Brian R.Y. Huang

prof_pic.jpg

I’m a recent graduate from MIT with Bachelor’s degrees in Math & CS as well as a Master’s in CS. I’m broadly interested in methods and evaluations that may engender more helpful, equitable, and harm-reducing outcomes for all stakeholders of frontier AI systems.

At MIT, I was fortunate to conduct research on adversarial robustness of deep learning models, advised by Hadi Salman and Aleksander Mądry. I was also a teaching assistant for MIT’s flagship graduate-level machine learning class (6.867, now 6.7900) and for the statistical data analysis class (6.3720/3722). Before undergrad, I researched black hole formation in general relativity with Marcus Khuri at Stony Brook University. I’ve also worked on causal mediation analysis for mechanistic interpretability as a research intern at Redwood Research. I’m currently working on interesting perception problems as a research engineer at Matic. Post-graduation, I’ve continued my involvement in various research collaborations, studying factuality, adversarial inputs, and other phenomena in language models.

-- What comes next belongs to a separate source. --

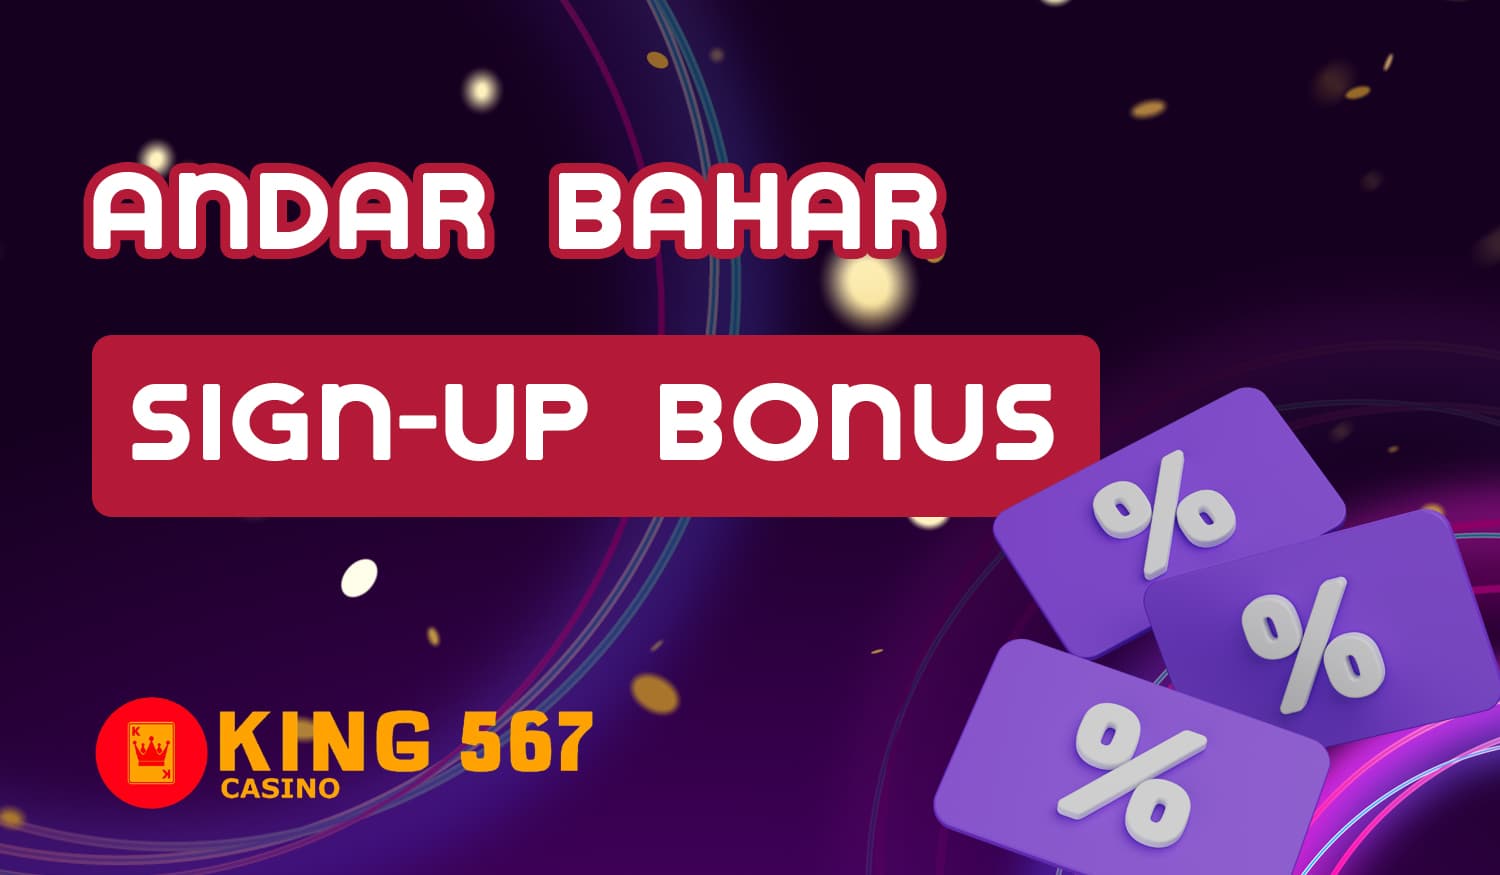 Welcome Bonus from King 567 Casino which will be given to all new users of the casino section

I’m always open to nuanced discussions about safe, equitable, and rigorously guardrailed deployment of AI systems, as well as the challenges in tech policy and “science of language models” that we must address along the way. I’d also be excited to collaborate on research along the lines of, but not limited to, my research directions here. if our research interests align, feel free to reach out at branhung (at) alum (dot) mit (dot) edu!

selected works

  1. Does It Know?: Probing and Benchmarking Uncertainty in Language Model Latent Beliefs
    Brian RY Huang, and Joe Kwon
    ATTRIB Workshop @ NeurIPS, 2023
    We extend the recent work of Contrast-Consistent Search by Burns et al., 2023, to detect uncertainty in the factual beliefs of language models. We create a toy dataset of timestamped news factoids as a true/false/uncertain classification benchmark for LLMs with a known training cutoff date.
  2. learnedarch.png
    Adversarial Learned Soups: Neural Network Averaging for Joint Clean and Robust Performance
    Brian RY Huang
    Master’s Thesis, 2023
    Supervised by Hadi Salman and Aleksander Mądry.
    We introduce weight-space interpolation methods to the adversarial robustness regime, devising a wrapper architecture to optimize the interpolation coefficients of a "model soup" via adversarial training. Varying the intensity of adversarial training (perturbation distance, TRADES weightings, etc.) leads to a smooth tradeoff between the resulting clean and robust accuracy of the interpolated model.